All three prepared BMNF compositions (x=0.17, 0.25, and 0.33) were exposed to methane in a TGA set up and analyzed them through PXRD before and after exposure to CH4. TGA in air environment is also recorded for comparison purposes. PXRD patterns obtained for as-prepared BMNF powders are shown in FIG. 1a, which displays the formation of cubic perovskite structure with a space group=Pm-3m (No. 221).

With the incorporation of smaller Fe3+ ions over Nb5+, the peak positions shifted towards higher two theta values as expected from their Shannon ionic radii. TGA measurements carried out in air in the temperature range of 25° C. to 900° C. did not show any significant weight change with a maximum weight loss of 0.4% observed for BMNF33 after holding at 900° C. for one hour (FIG. 1c).

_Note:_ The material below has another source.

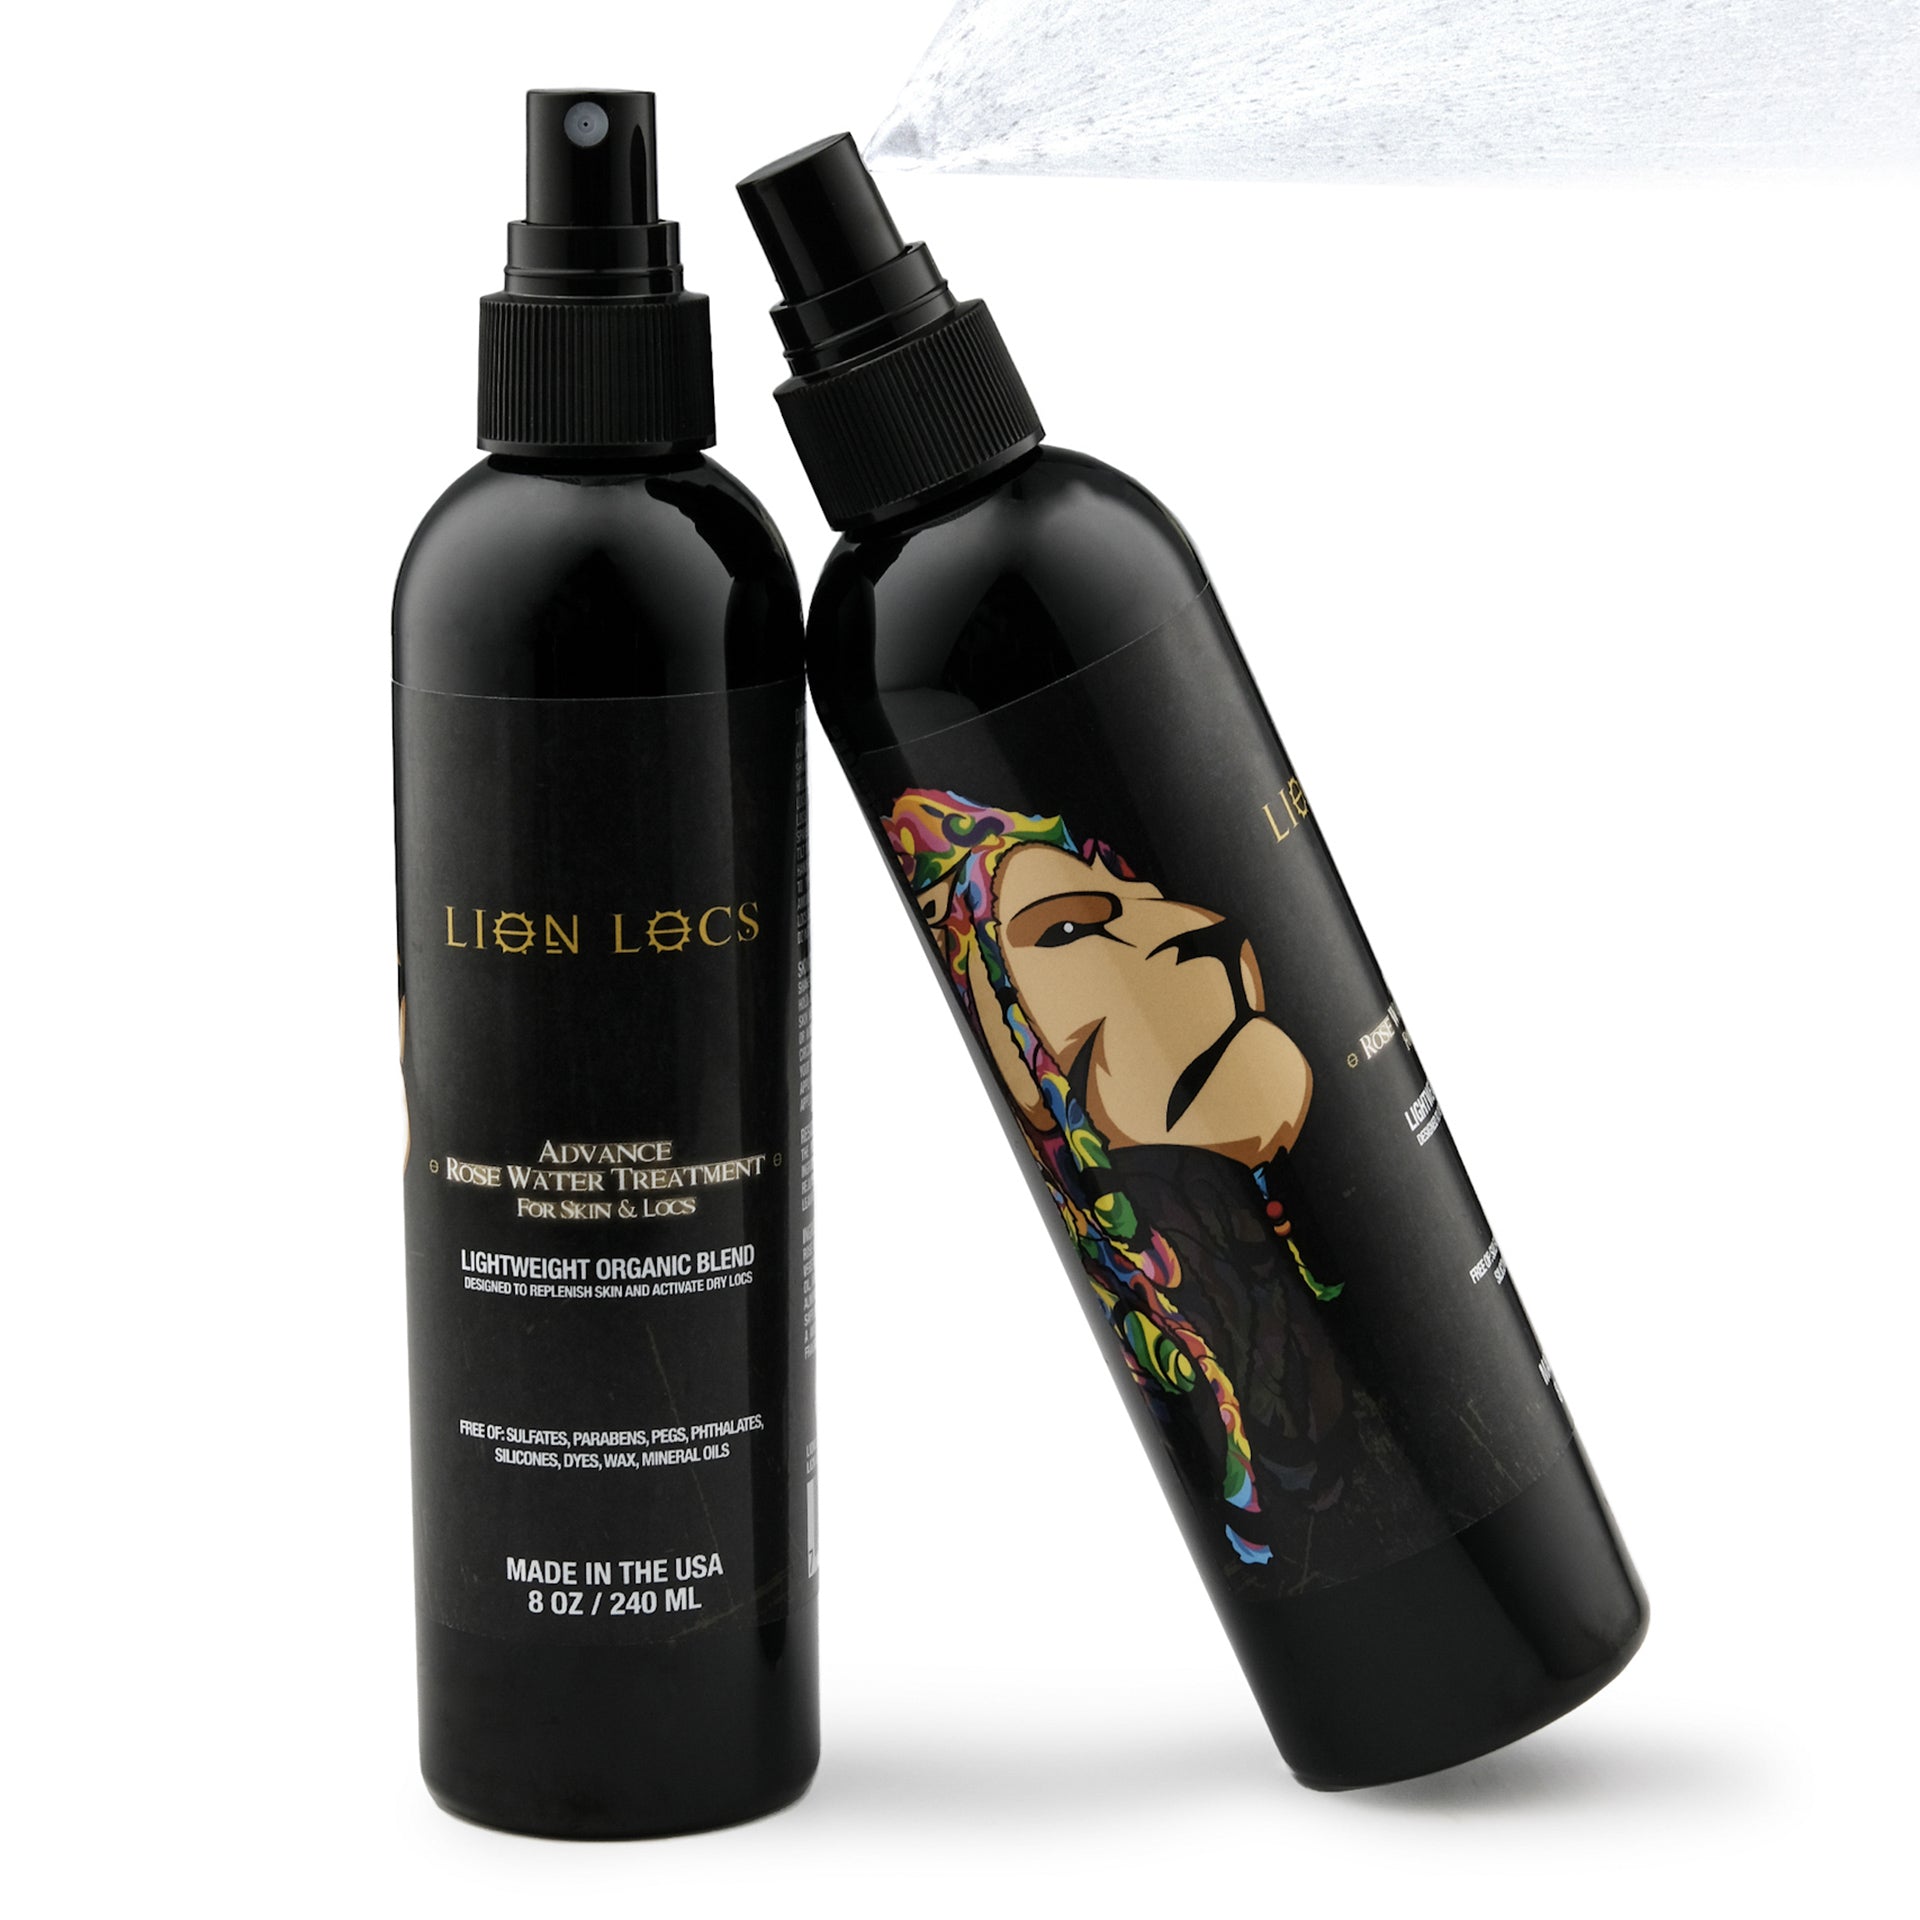 Advanced Rose Water Spray Treatment – LionLocs

This could be due to some lattice oxygen lost in equilibrating with its environment. TGA measurements under similar heating conditions in pure CH4 environment showed similar weight changes with a maximum weight gain of 1.75% observed for BMNF25 while BMNF33 showed a maximum weight loss of 1% at 900° C. (FIG. 1d). The marginally higher weight loss under CH4 environment (1% in CH4 vs 0.4% in air) could be due to the lattice oxygen on the exposed surface reacting with methane and as a result leaving the crystal structure. The lack of weight gain indicates the possible lack of coke formation during the TGA measurements.

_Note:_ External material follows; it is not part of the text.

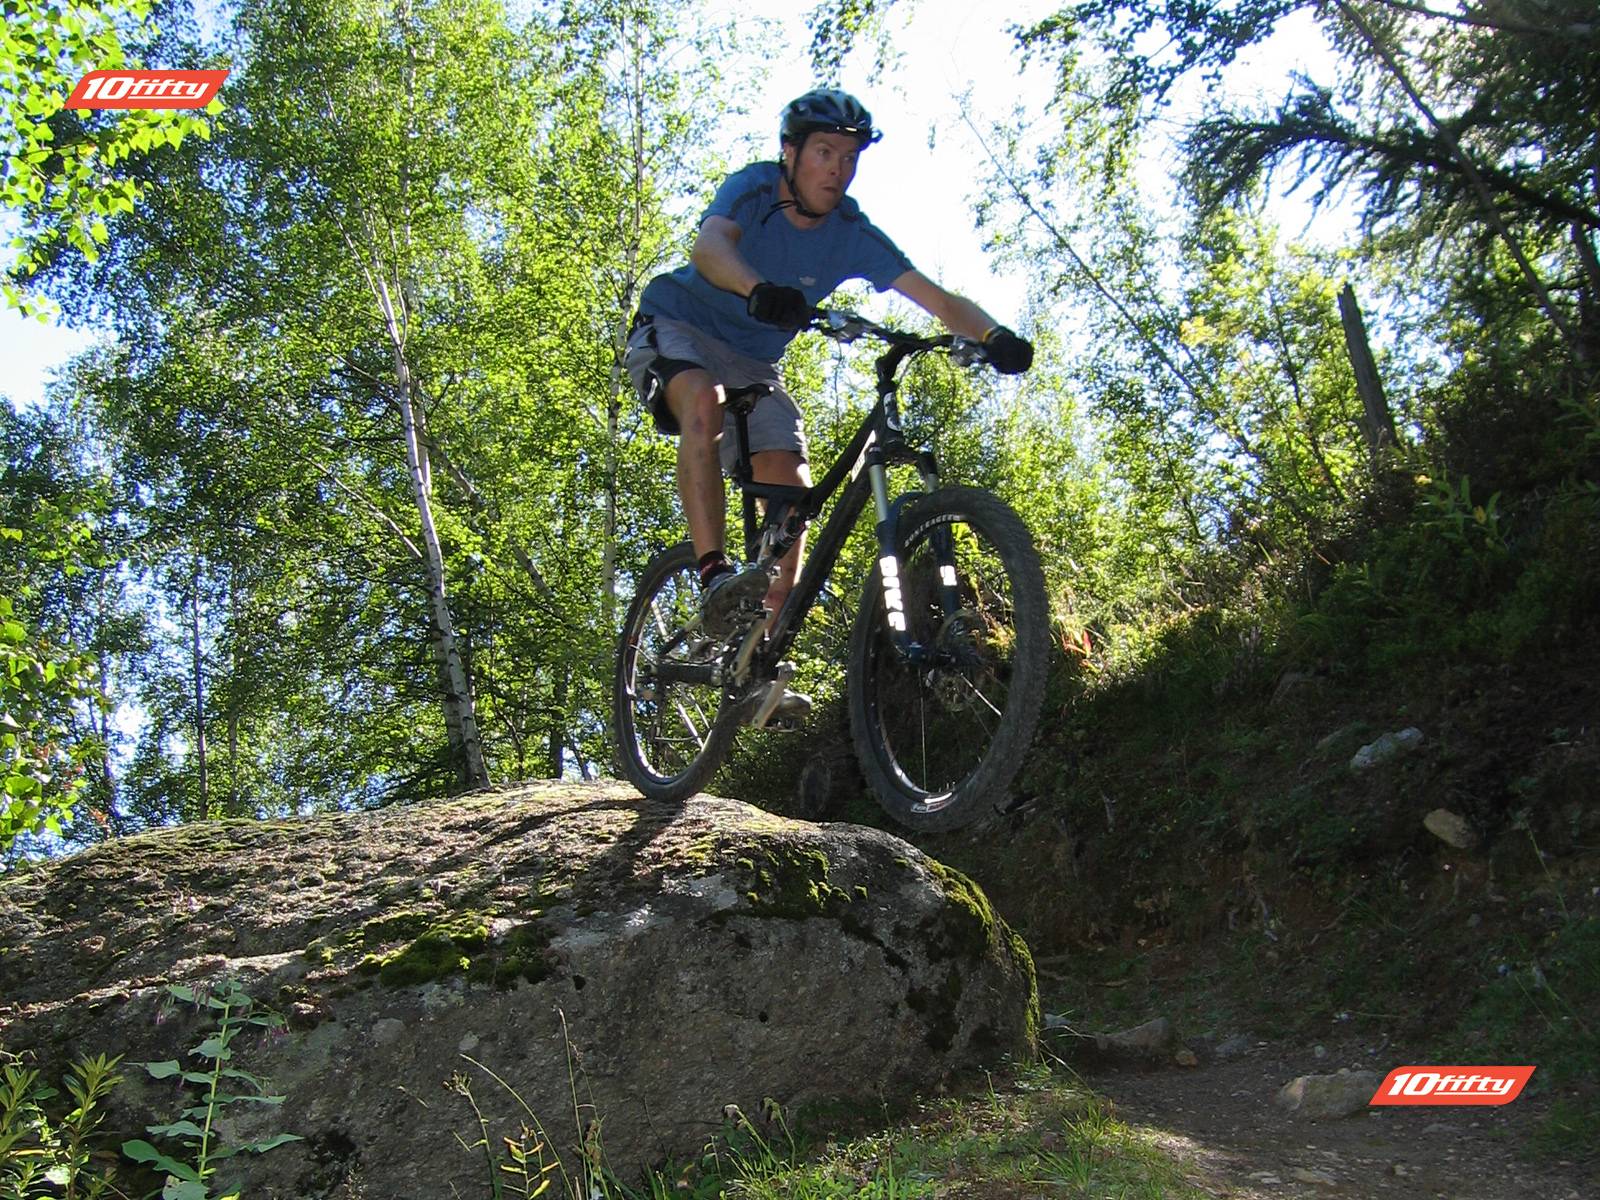 Mountain Bike Holidays, Chamonix - France and USA from 10fifty

SFMO powders under similar operating conditions showed a weight gain of about 40 to 60% that was associated with significant coke formation and crystal structure collapse. To investigate any possible change to crystal structure, the CH4 exposed powders in PXRD were analyzed. As shown in FIG. 1b, the cubic perovskite structure is retained in all three samples and do not show any new peak formation or change in the peak positions associated with the cubic perovskite structure. Interestingly, the impurity peaks observed in the as-prepared BMNF33 also retained their position and relative intensity after exposure to methane in the TGA set up. The ratio between peaks in both as-prepared powders and CH4 exposed samples remained the same indicating the complete crystallinity retention. Thus, PXRD measurements in combination with TGA provide the first evidence of significant chemical stability for the BMNF material in E-OCM operating conditions. This is in complete contrast to the SFMO powders that formed SrCO3, SrMOx, and MoOxCy upon exposure to methane under similar operating conditions.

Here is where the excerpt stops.